As a consummate procrastinator I tend to put things off- maybe not until the last minute, but often until too late to be thorough. Partly this is because I work best with a deadline and deadlines don’t seem real until they are imminent and partly this is because if I do get an early start on a project I will just keep working on it until I run out of time anyway.

For a long time this wasn’t really a problem: I was setting my own schedule so my hard-and-fast deadlines were generally spaced out in infrequent, panic-inducing vortices throughout the year with plenty of recovery time on the far end. Being in an academic setting has changed all of that. Now hard-and-fast deadlines happen every week- and sometimes every day and my baseline panic level has reached a new normal. The life of a grad student.

It doesn’t help that several times now we [students] have been expected to turn in projects without them being assigned in class. Sure they are on the syllabus (sort of) and sure we are grown ups now and can be expected to be responsible for managing our work load without a professor holding our hands every step of the way. I’m a self starter, so motivating myself to work on an assignment isn’t difficult to me, but without an explicit starting line I find myself holding back out of the worry that I will need to undo work if I start it before learning of the professor’s expectations. Then the deadline starts looming and the anxious voice saying youshouldbeworkingonthatprojectwhyaren’tyouworkingonthatproject???!!! starts to run full time in the back of my mind.

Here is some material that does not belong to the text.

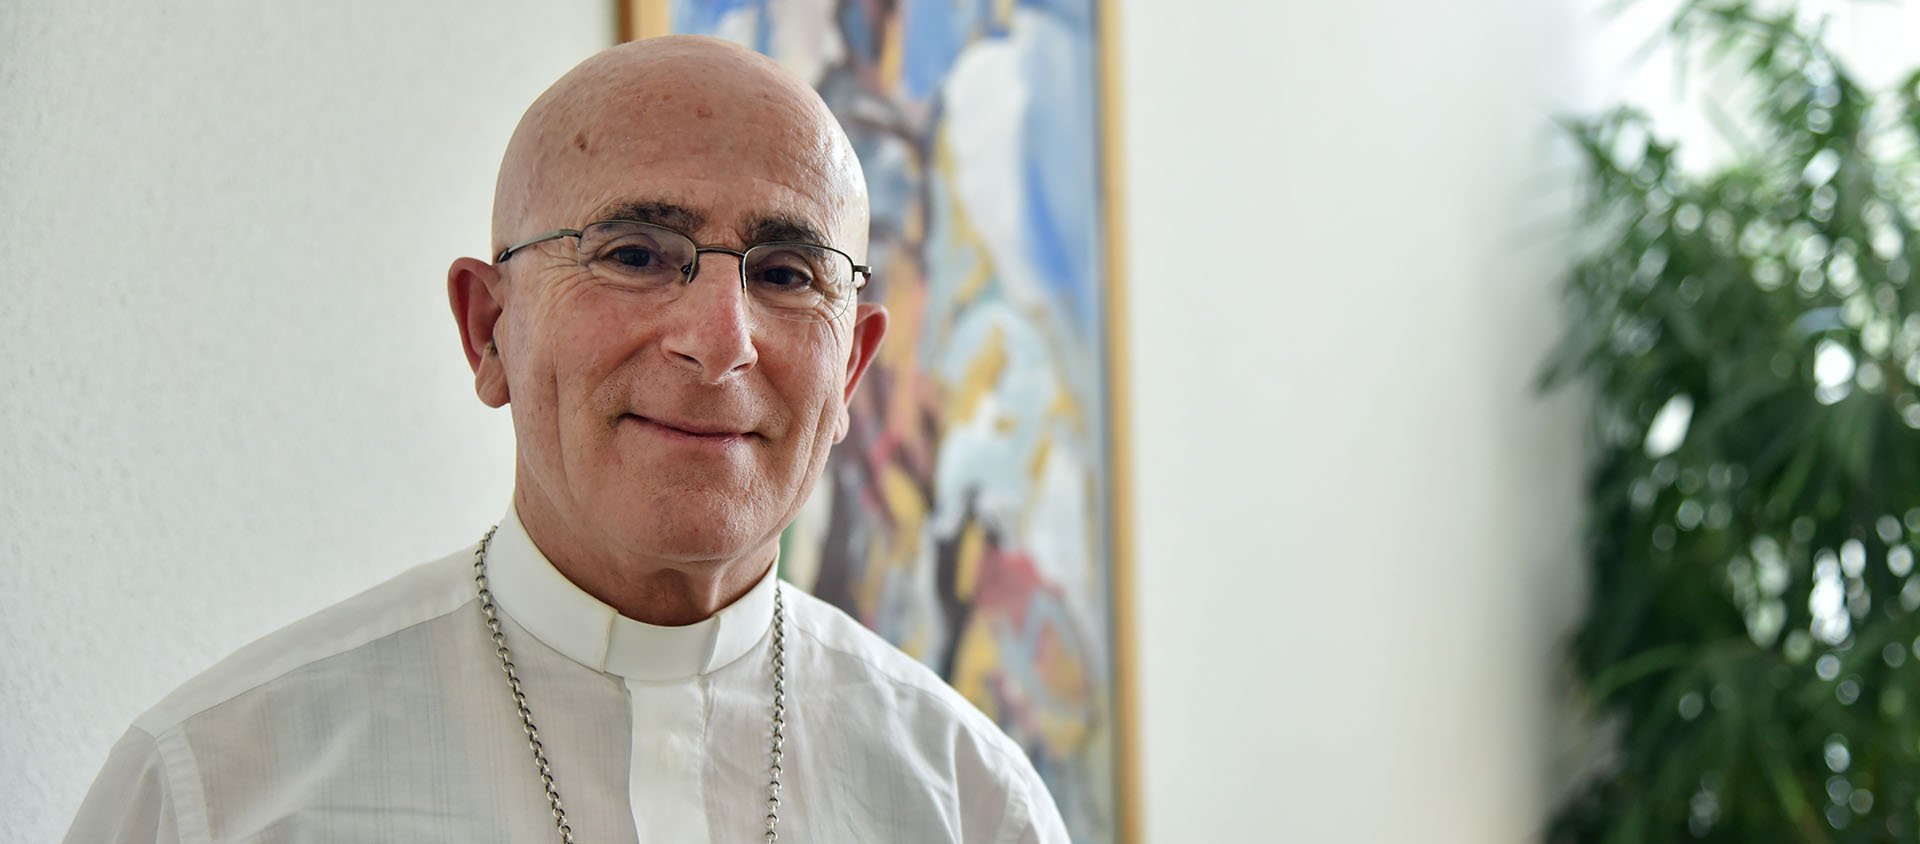 Mgr Joseph Bonnemain a été élu évêque de Coire en mars 2021 | © Raphaël Zbinden
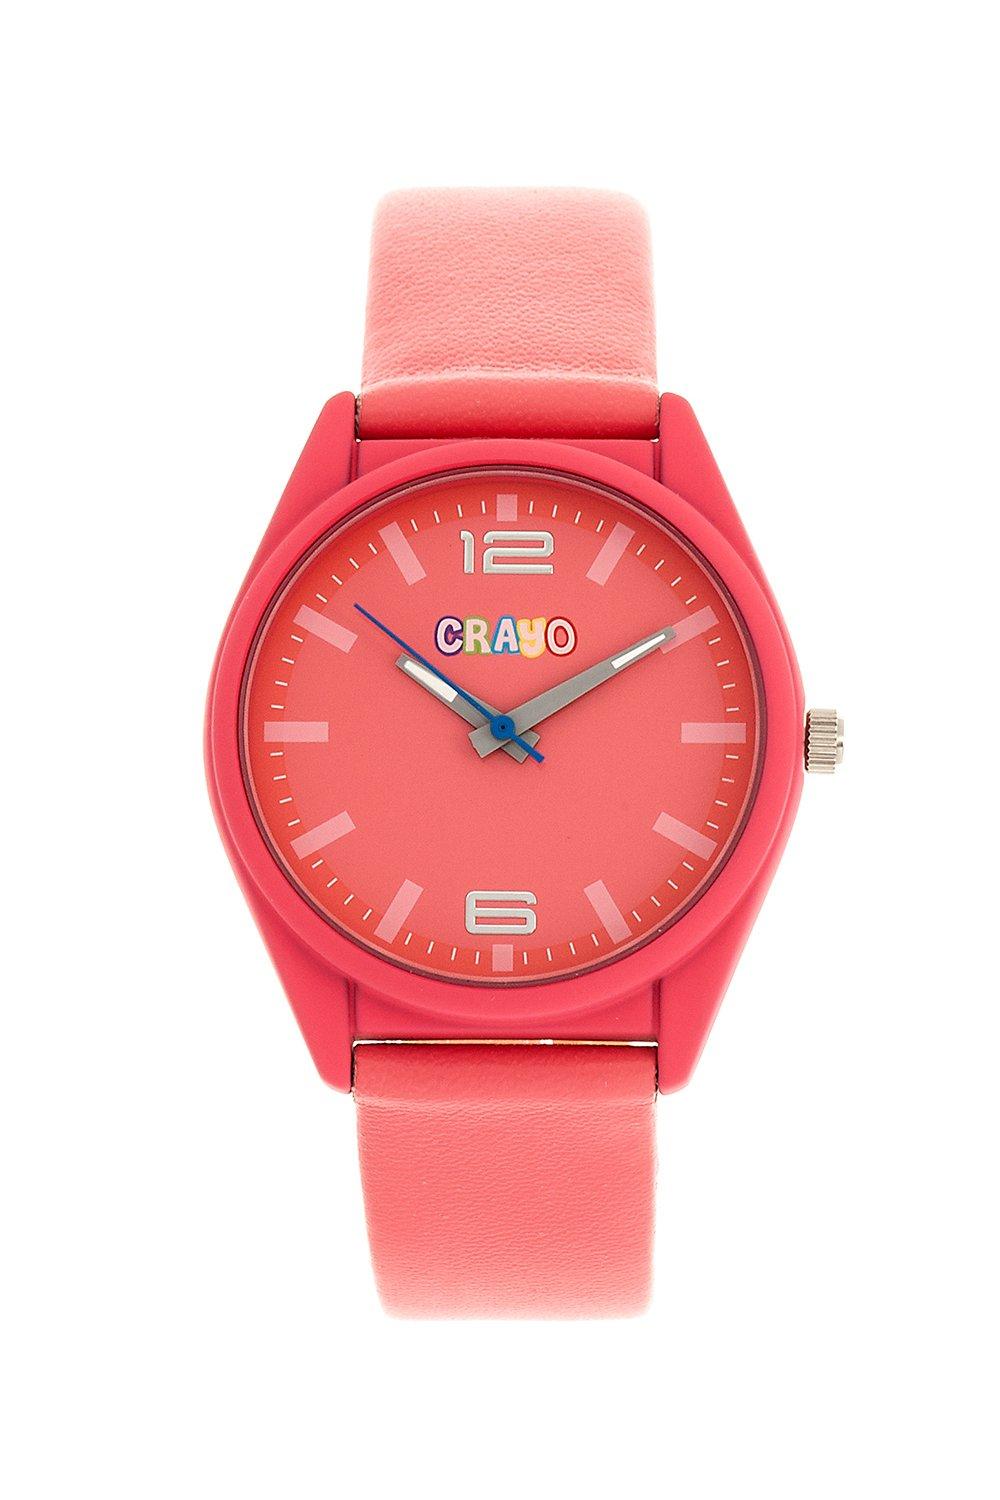 Динамические часы унисекс Crayo, розовый

Anticipation is the biggest problem. Some mornings I wake up with my jaw clenched from a night spent making to-do lists in my sleep because I know that there is so much to be done. The more tasks that I think about having to do the more anxious I get. Ironically this is why to-do lists are so helpful to me: if I can see that I am on-track with my tasks I can reassure myself that even though I may have many obligations I am keeping up with the work load.

That said, I am discovering that the best treatment for this anxiety is simply leaving as few tasks undone as possible. This sounds like a “duh” type epiphany, but it is much easier said than done. Write the paper now, not later. Post the assignment early instead of right at the deadline. Do a bad version so that it is done and then fix it if there is time. Edit that scene tonight, not tomorrow morning… I’m not perfect at it, but I’m getting better.

The next trick, of course, will be finding ways to Do Stuff Now that also balances out with being able to get enough rest, eat real food, and spend time with the Curmudgeonly Lion. It’s all a balancing act.

~ by Gwydhar Gebien on September 26, 2013.